Pointers and new. It's how to add seconds to loops.
Syncher_Pylon@reddit
Cache-friendly data layout is consistently the biggest performance win in hot paths. Moving from scattered structs to flat arrays sounds obvious in hindsight, but it's the kind of optimization most people skip because the algorithmic complexity doesn't change. The 16x improvement just from memory layout is a good reminder that big-O isn't everything.
programming-ModTeam@reddit
No content written mostly by an LLM. If you don't want to write it, we don't want to read it.
vini_2003@reddit
Ok, GPT. One of your last profile comments has an em dash, too.
sailing67@reddit
ngl i love posts like this becuase it reminds me 90% of 'scaling' is just staring at flamegraphs adn deleting dumb work. 16x is wild.

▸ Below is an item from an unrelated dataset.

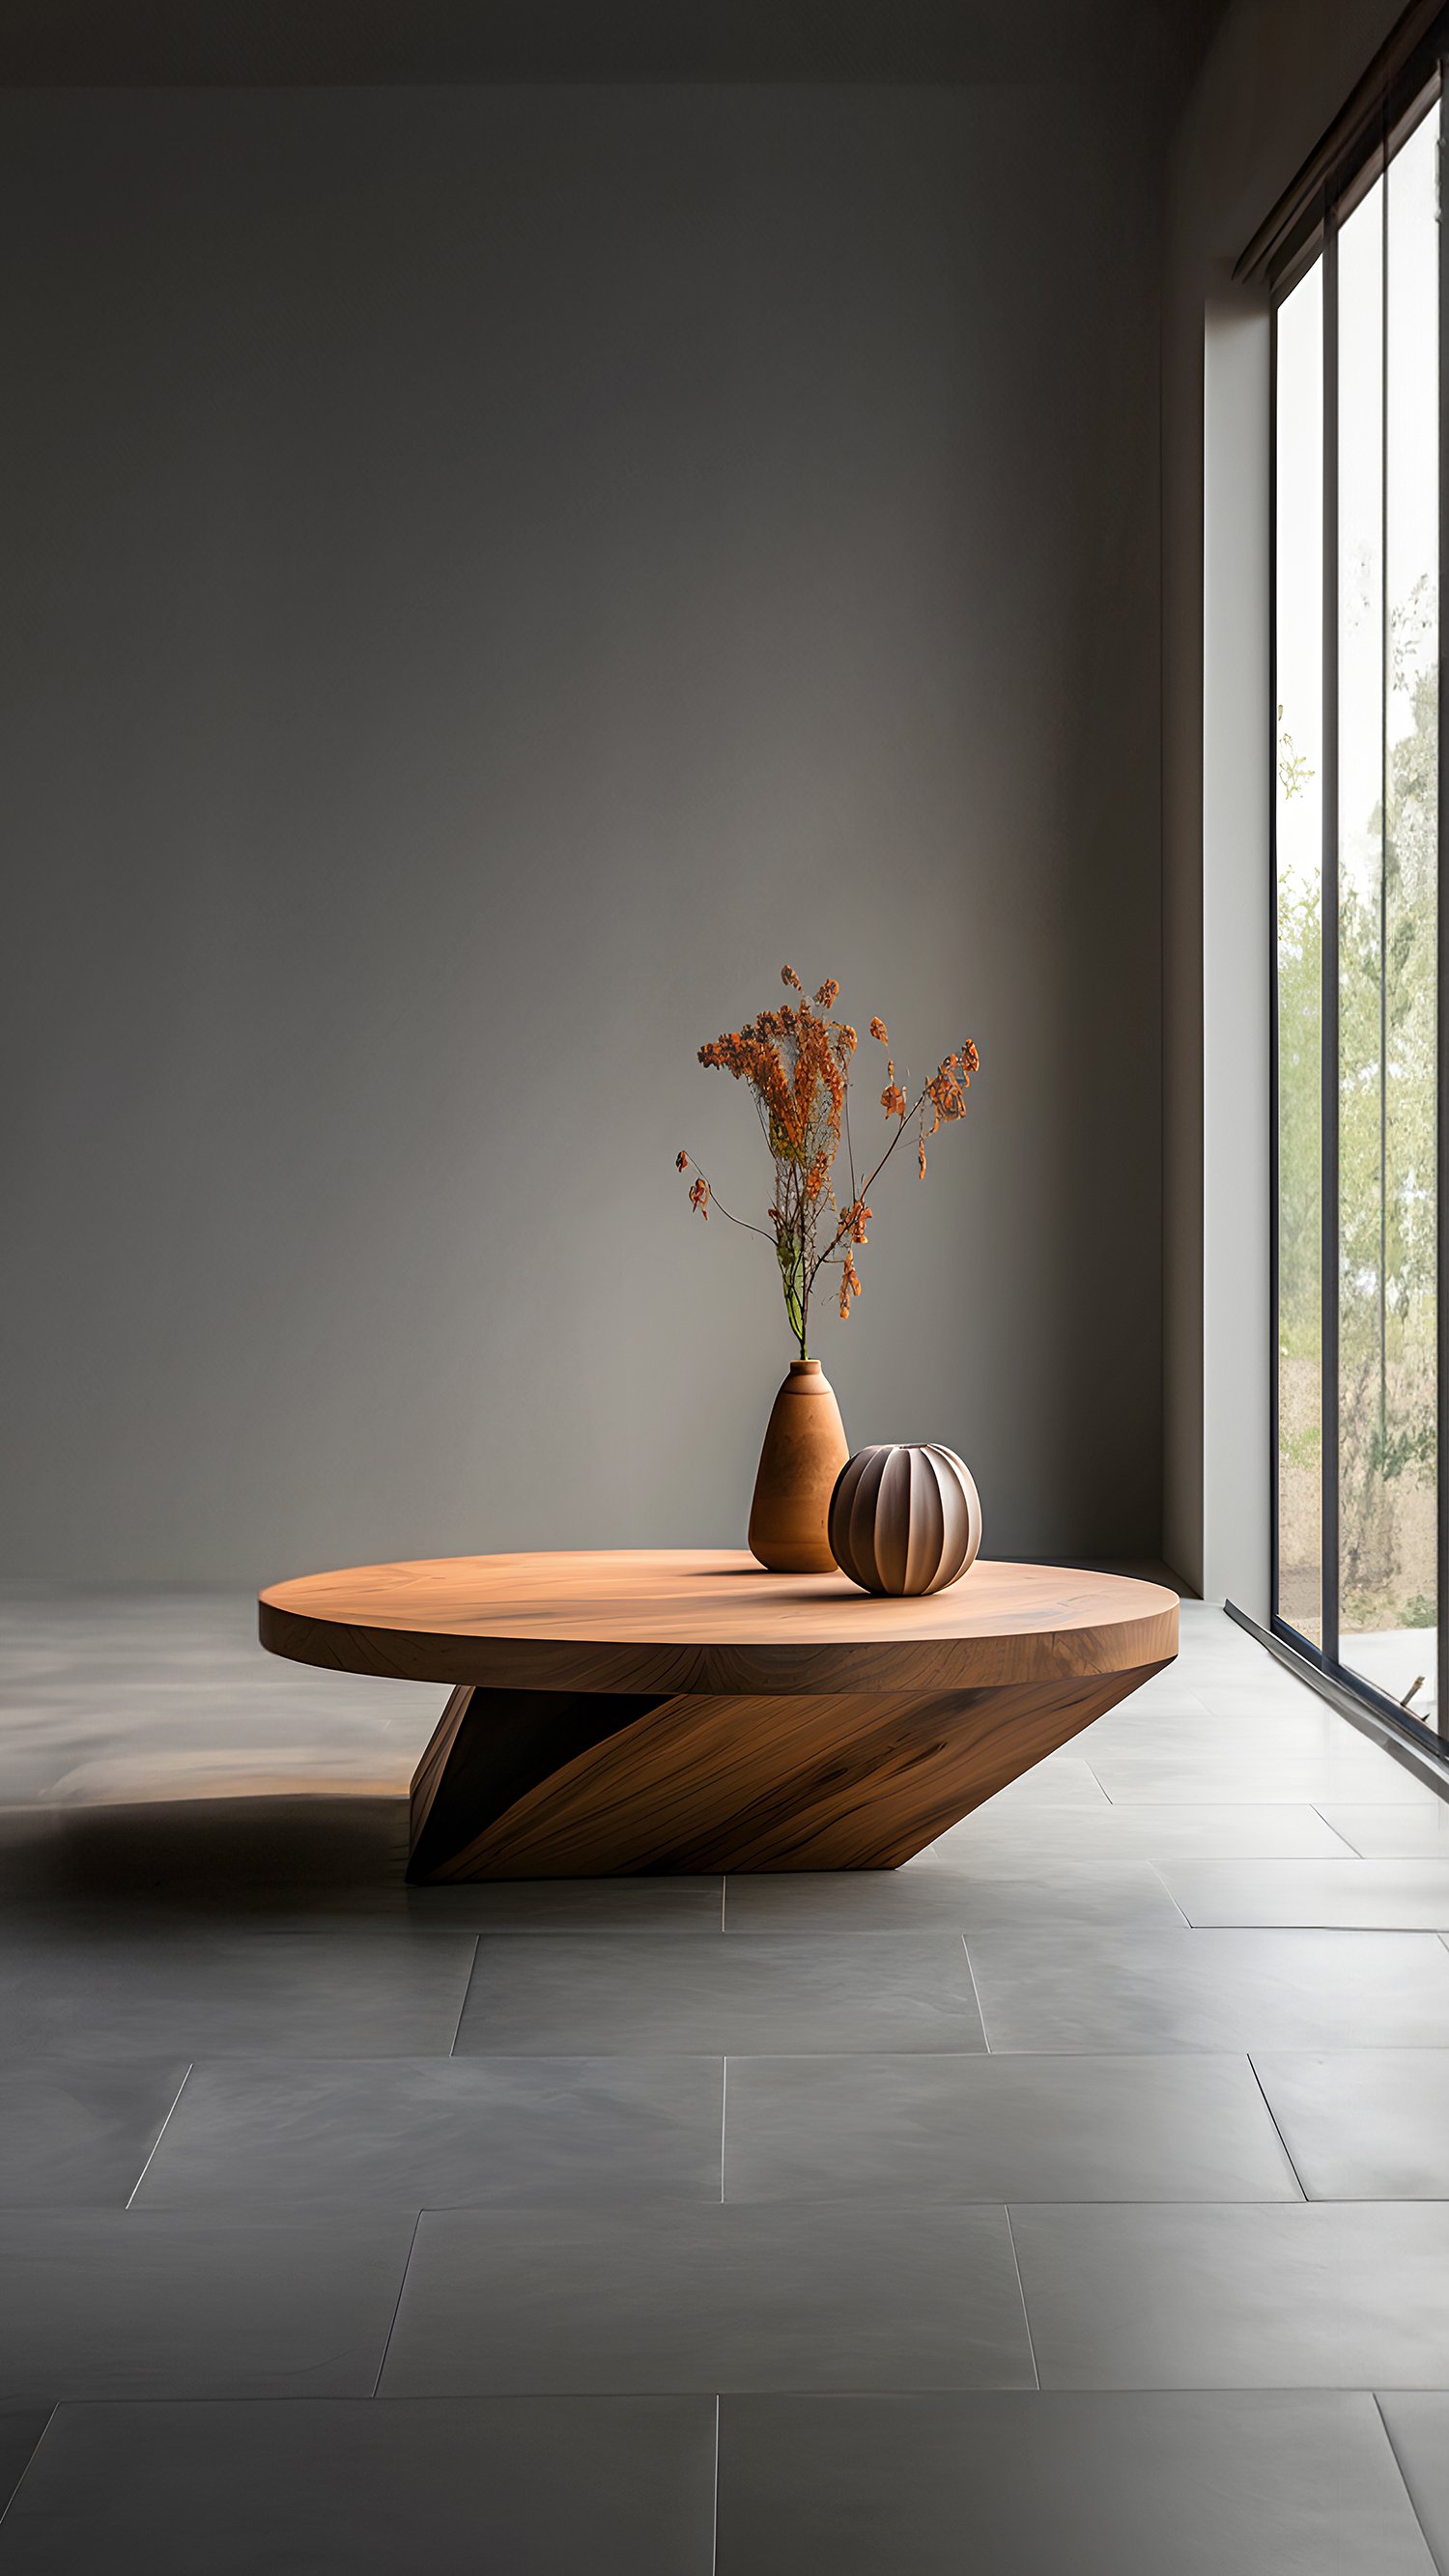 Sculptural Coffee Table Made of Solid Wood, Center Table Solace S26 by Joel Escalona —6.jpg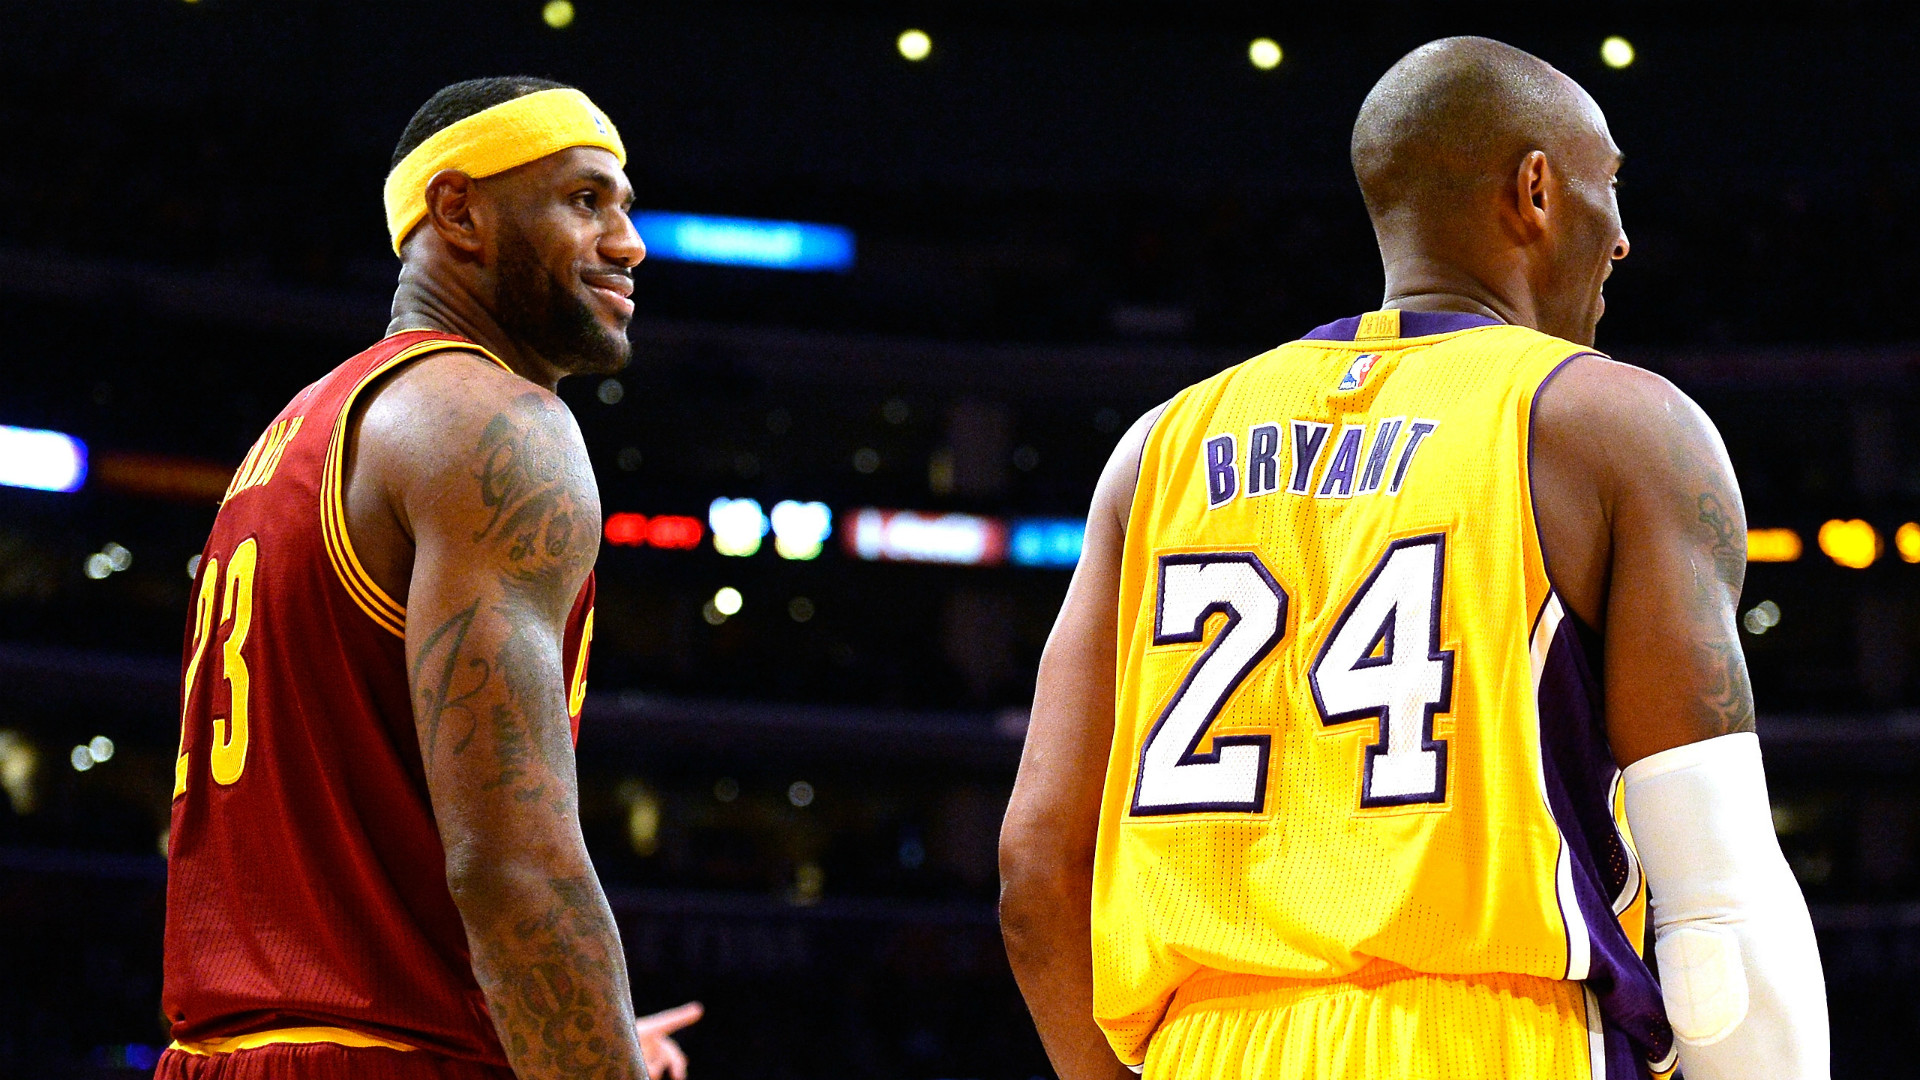 1920x1080 No, Kobe Bryant isn't coming out of retirement to play with LeBron James

Alternative-Toe-5739@reddit
I Keep it 55th street on HOOD. Big triple O General 55th street neighbourhood cryp on hood
TerrorBite@reddit
This seems like an interesting post, but the way it's written makes me feel talked down to.
captain_obvious_here@reddit
Very interesting
Minimum_Success5442A@reddit
The hot path optimization here is solid. For anyone building similar systems - worth also looking at SIMD intrinsics for the distance calculations themselves. AVX-512 can get you another 2-4x on top of cache-friendly access patterns. Also interesting: did you benchmark the difference between heap-allocated vectors vs. a flat buffer with index-based access? The former adds pointer chasing overhead that compounds at scale.